# DATA SEGMENT

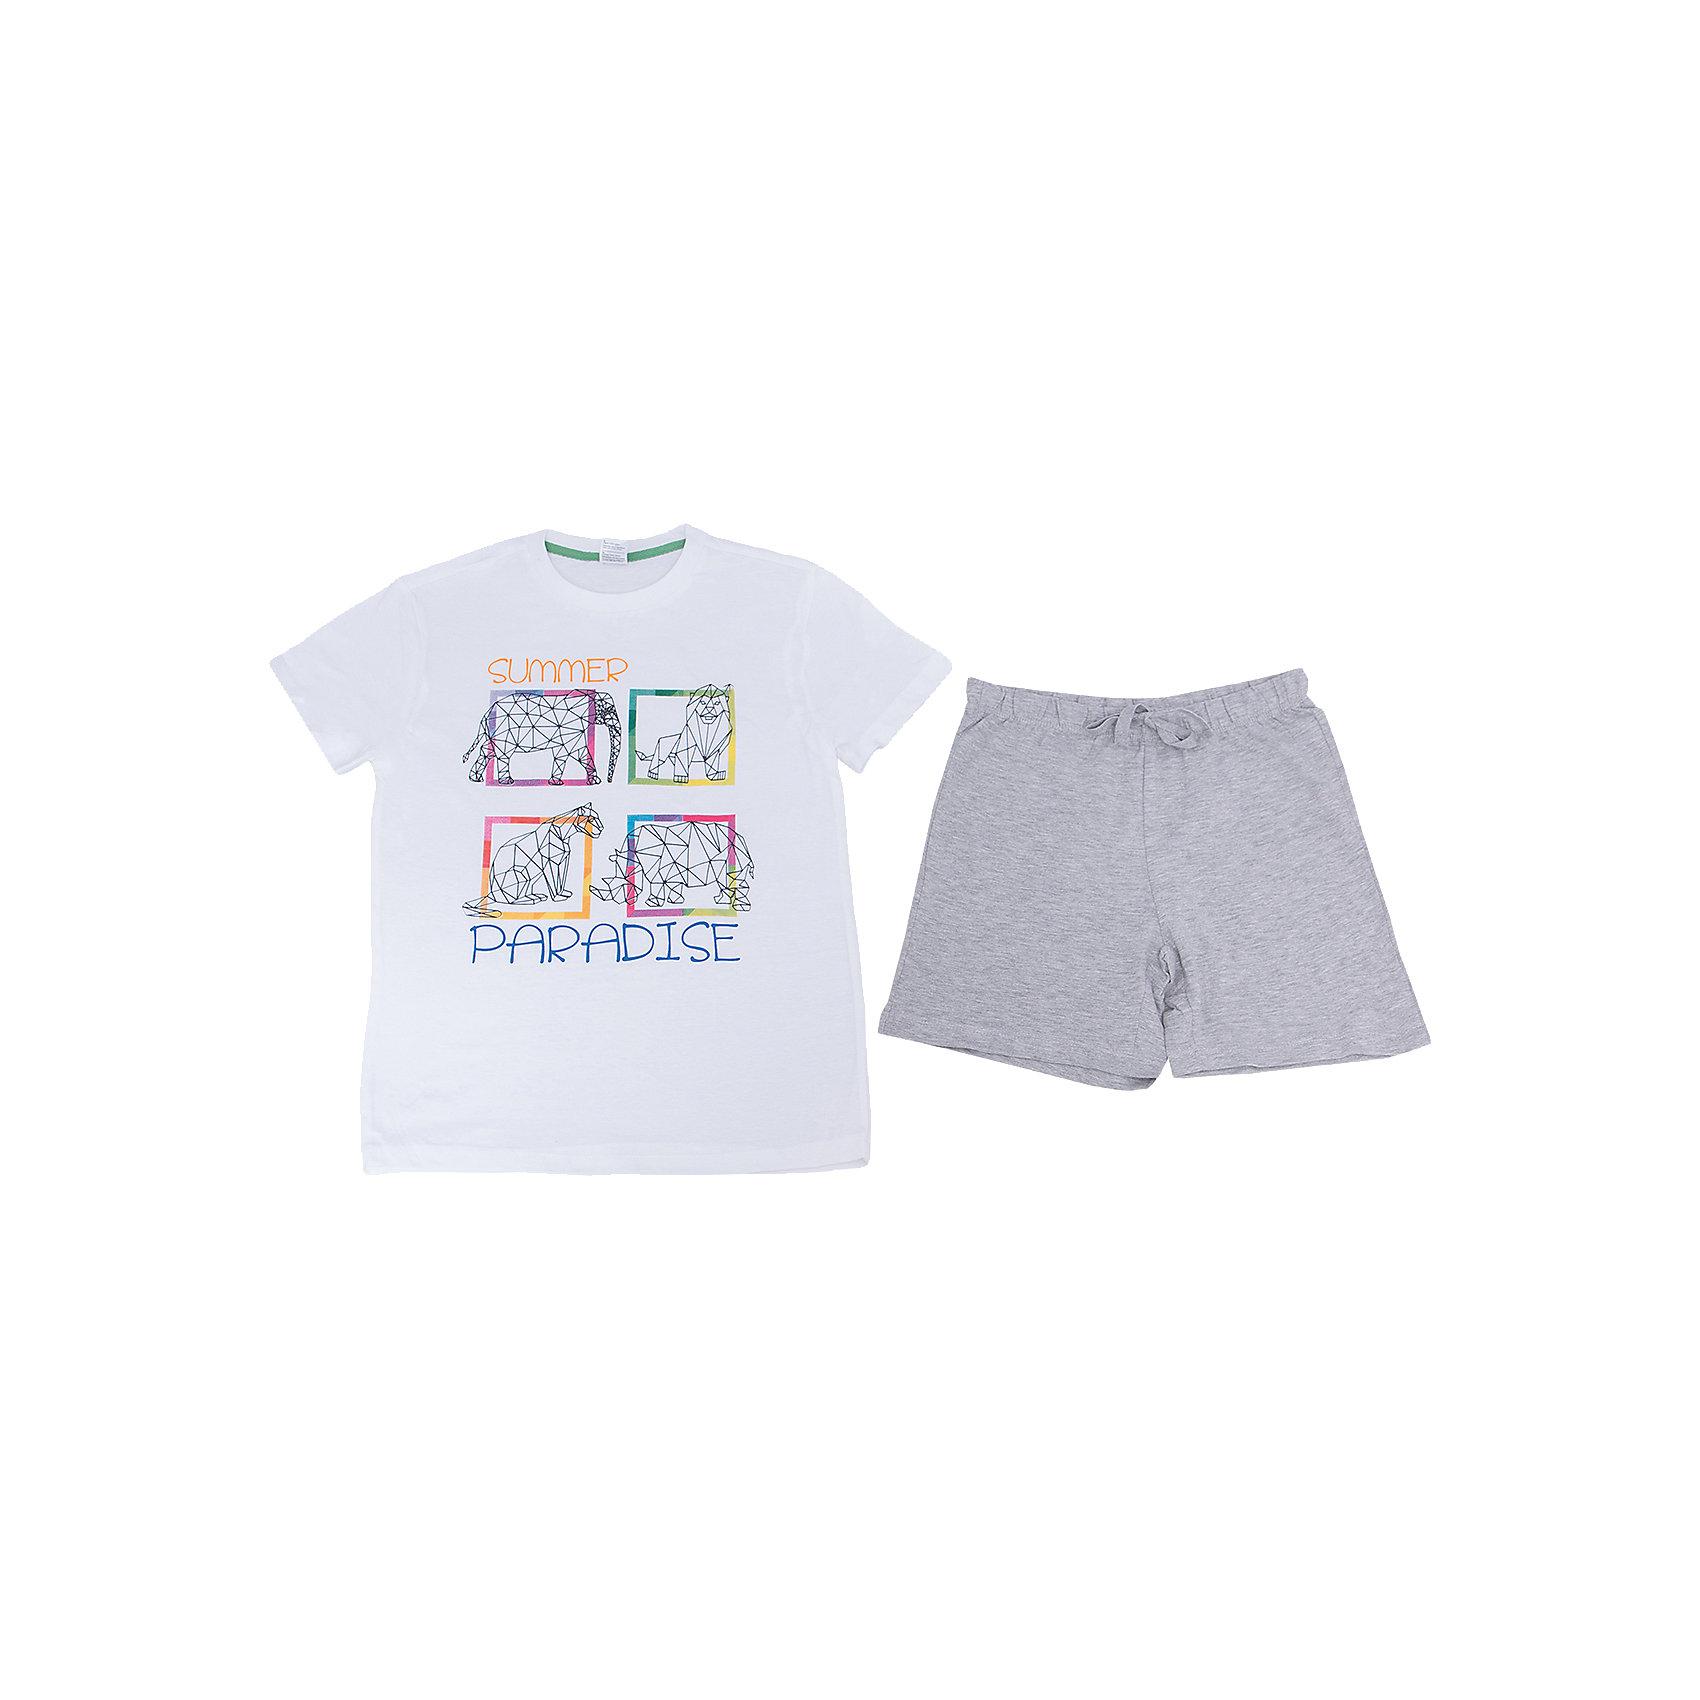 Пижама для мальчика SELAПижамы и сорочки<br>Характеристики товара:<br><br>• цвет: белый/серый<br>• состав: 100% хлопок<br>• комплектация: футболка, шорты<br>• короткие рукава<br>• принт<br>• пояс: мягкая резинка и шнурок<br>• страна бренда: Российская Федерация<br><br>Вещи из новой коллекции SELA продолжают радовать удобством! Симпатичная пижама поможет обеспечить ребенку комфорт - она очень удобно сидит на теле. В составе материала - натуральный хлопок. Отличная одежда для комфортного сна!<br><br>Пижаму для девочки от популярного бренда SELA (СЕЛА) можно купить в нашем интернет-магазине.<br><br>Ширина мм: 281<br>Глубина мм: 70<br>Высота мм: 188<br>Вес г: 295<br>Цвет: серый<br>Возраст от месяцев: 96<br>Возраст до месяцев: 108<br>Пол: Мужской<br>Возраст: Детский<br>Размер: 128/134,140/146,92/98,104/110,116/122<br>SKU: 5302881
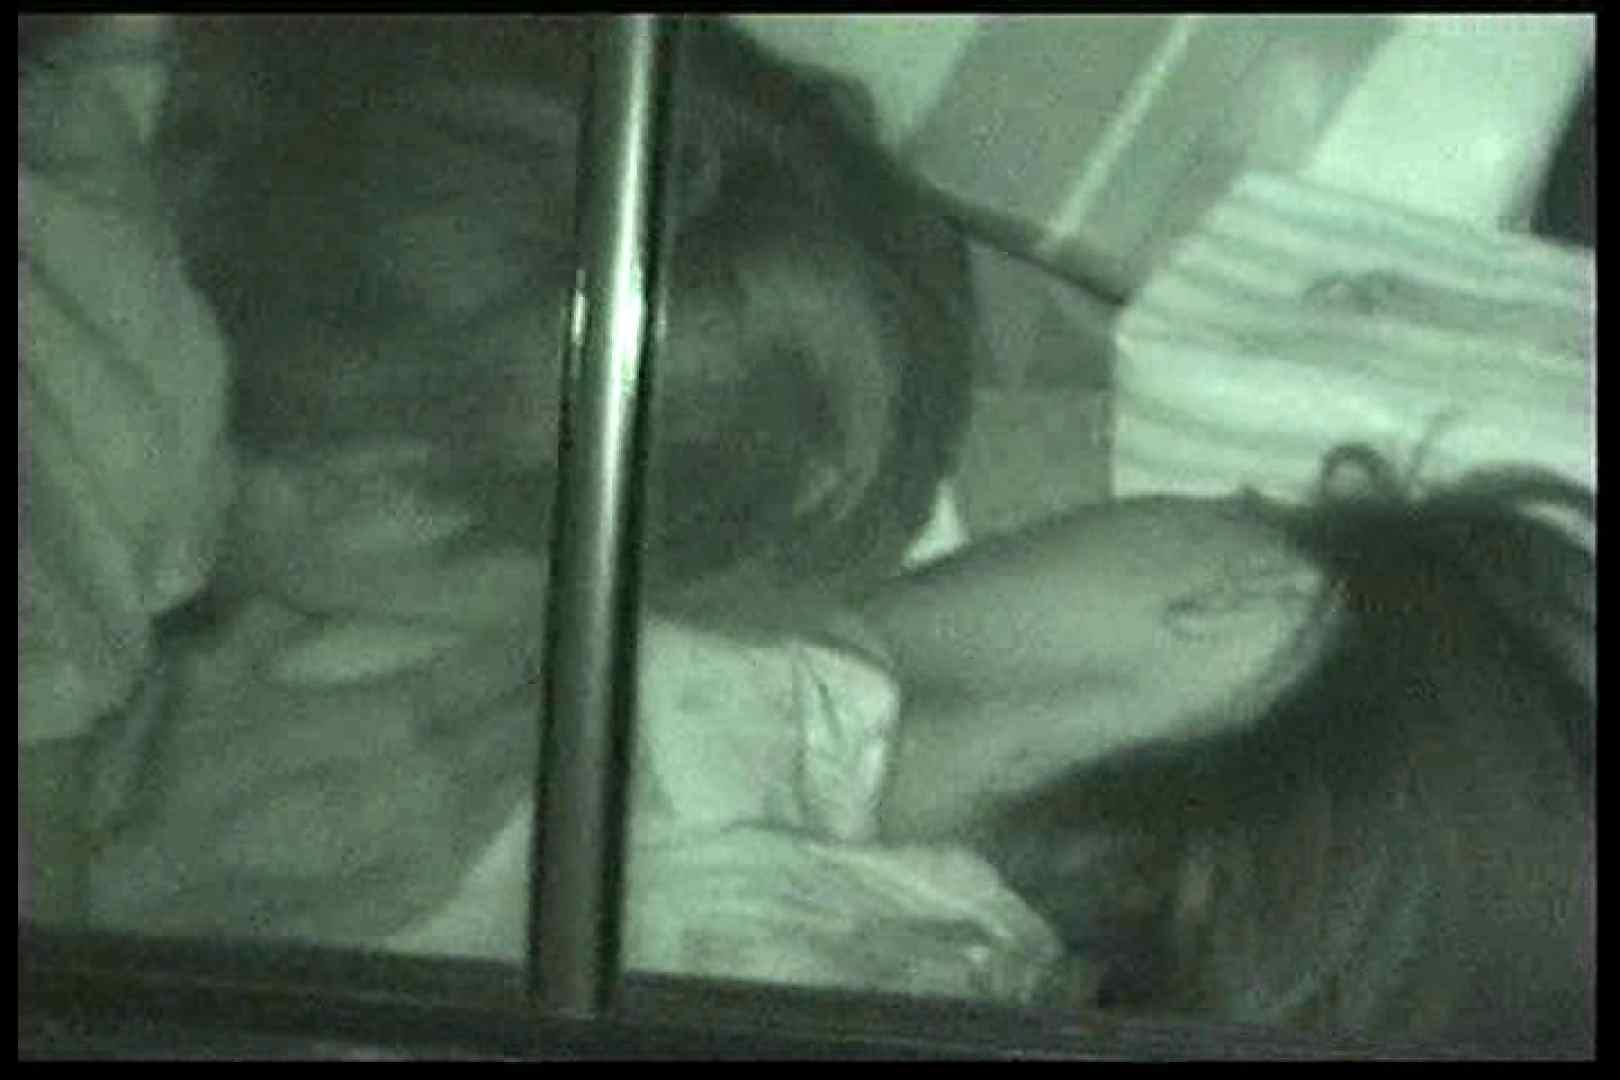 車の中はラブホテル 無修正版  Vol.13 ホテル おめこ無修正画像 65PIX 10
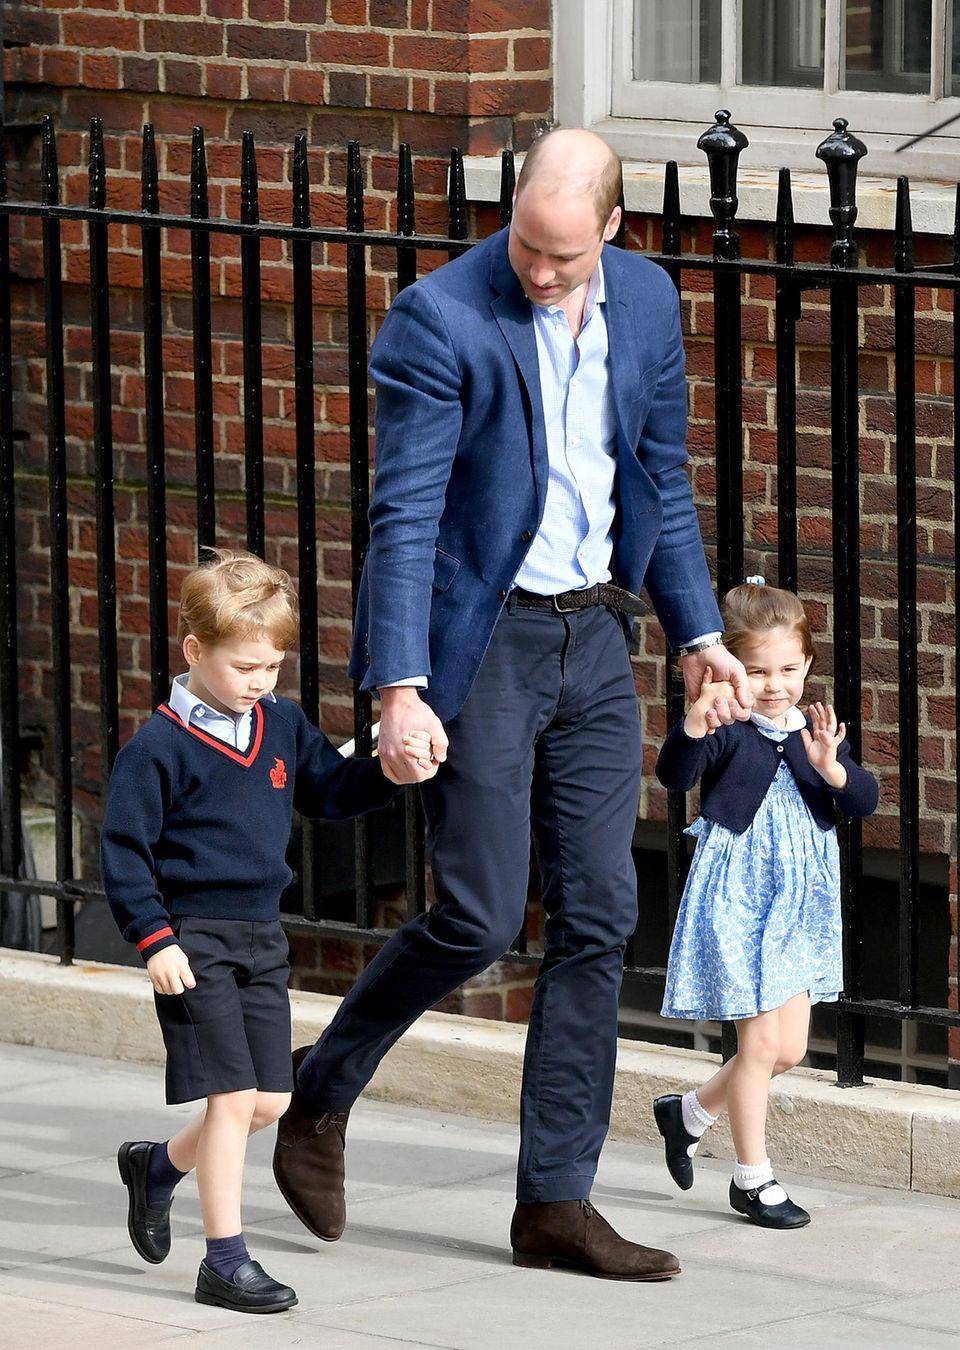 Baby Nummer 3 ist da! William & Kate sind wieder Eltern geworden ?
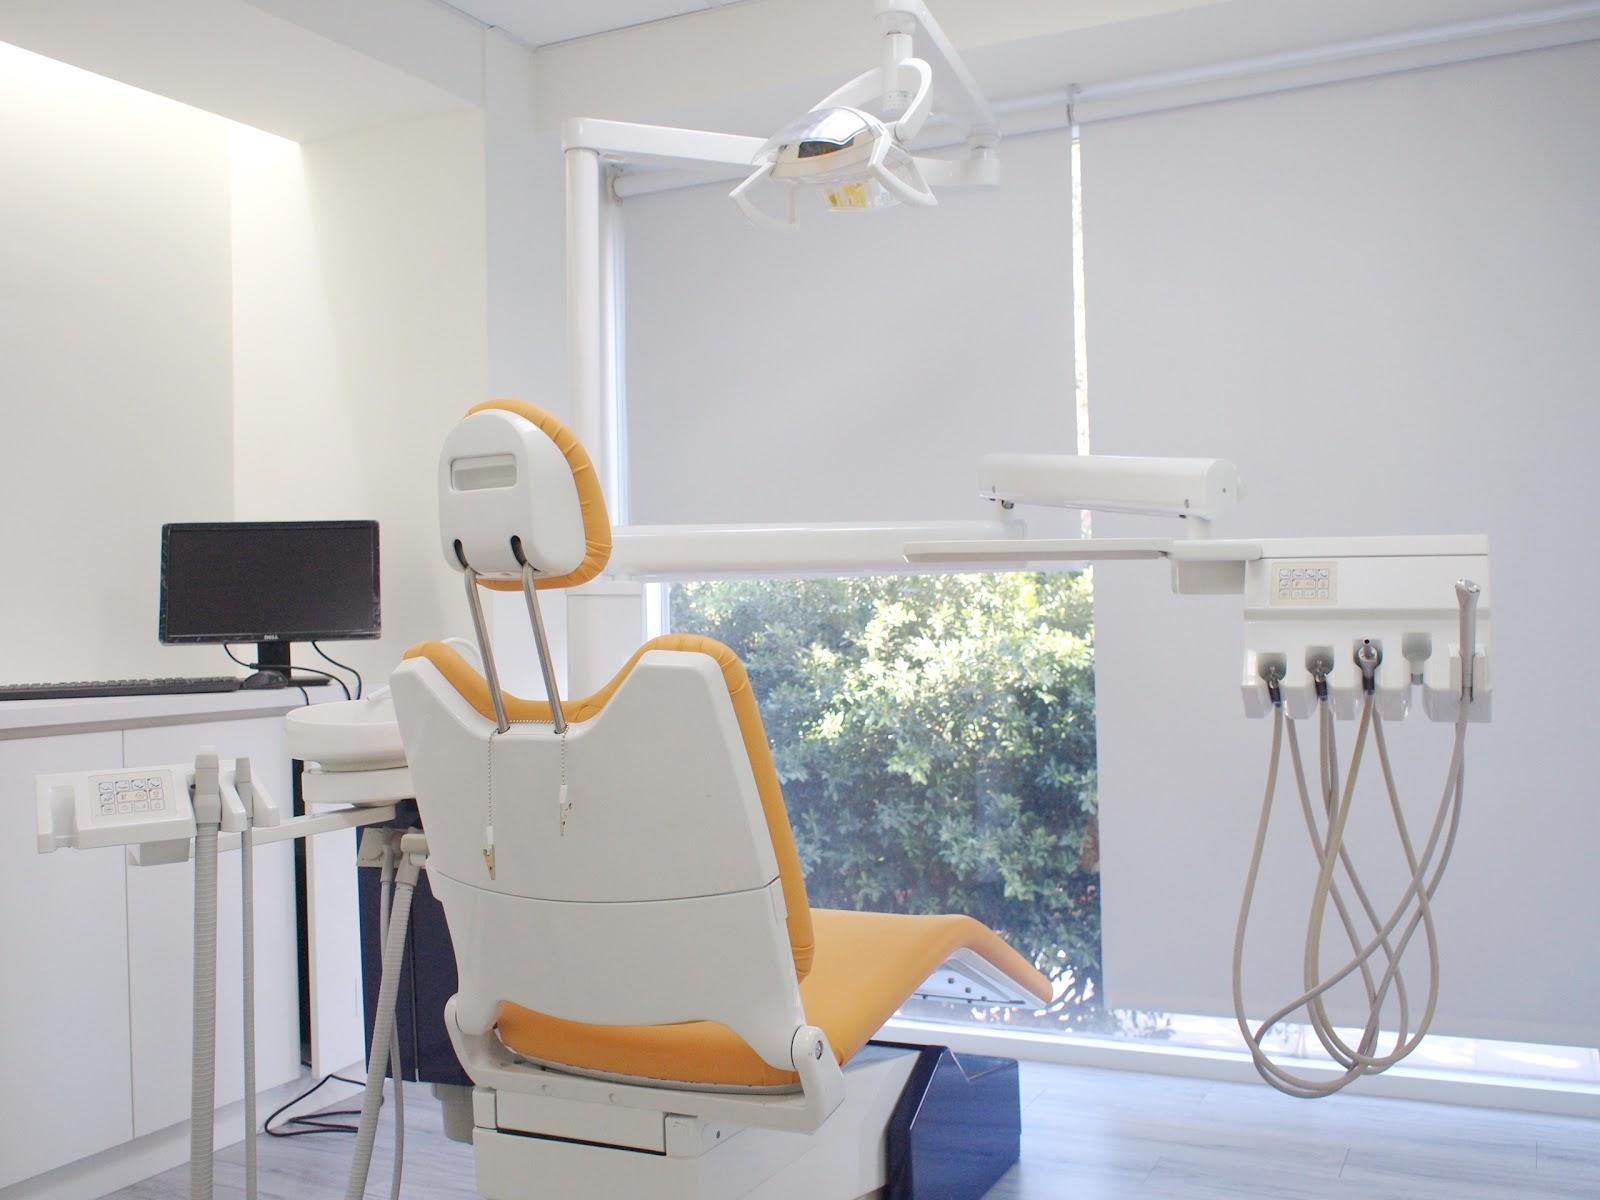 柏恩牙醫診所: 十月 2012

# ASSIGNMENT
Please repeat every line from the listing above exactly as it appears. Drop the pictures.

# EXERCISE OUTPUT
 Пижама для мальчика SELAПижамы и сорочки<br>Характеристики товара:<br><br>• цвет: белый/серый<br>• состав: 100% хлопок<br>• комплектация: футболка, шорты<br>• короткие рукава<br>• принт<br>• пояс: мягкая резинка и шнурок<br>• страна бренда: Российская Федерация<br><br>Вещи из новой коллекции SELA продолжают радовать удобством! Симпатичная пижама поможет обеспечить ребенку комфорт - она очень удобно сидит на теле. В составе материала - натуральный хлопок. Отличная одежда для комфортного сна!<br><br>Пижаму для девочки от популярного бренда SELA (СЕЛА) можно купить в нашем интернет-магазине.<br><br>Ширина мм: 281<br>Глубина мм: 70<br>Высота мм: 188<br>Вес г: 295<br>Цвет: серый<br>Возраст от месяцев: 96<br>Возраст до месяцев: 108<br>Пол: Мужской<br>Возраст: Детский<br>Размер: 128/134,140/146,92/98,104/110,116/122<br>SKU: 5302881
 車の中はラブホテル 無修正版  Vol.13 ホテル おめこ無修正画像 65PIX 10
 Baby Nummer 3 ist da! William & Kate sind wieder Eltern geworden ?
 柏恩牙醫診所: 十月 2012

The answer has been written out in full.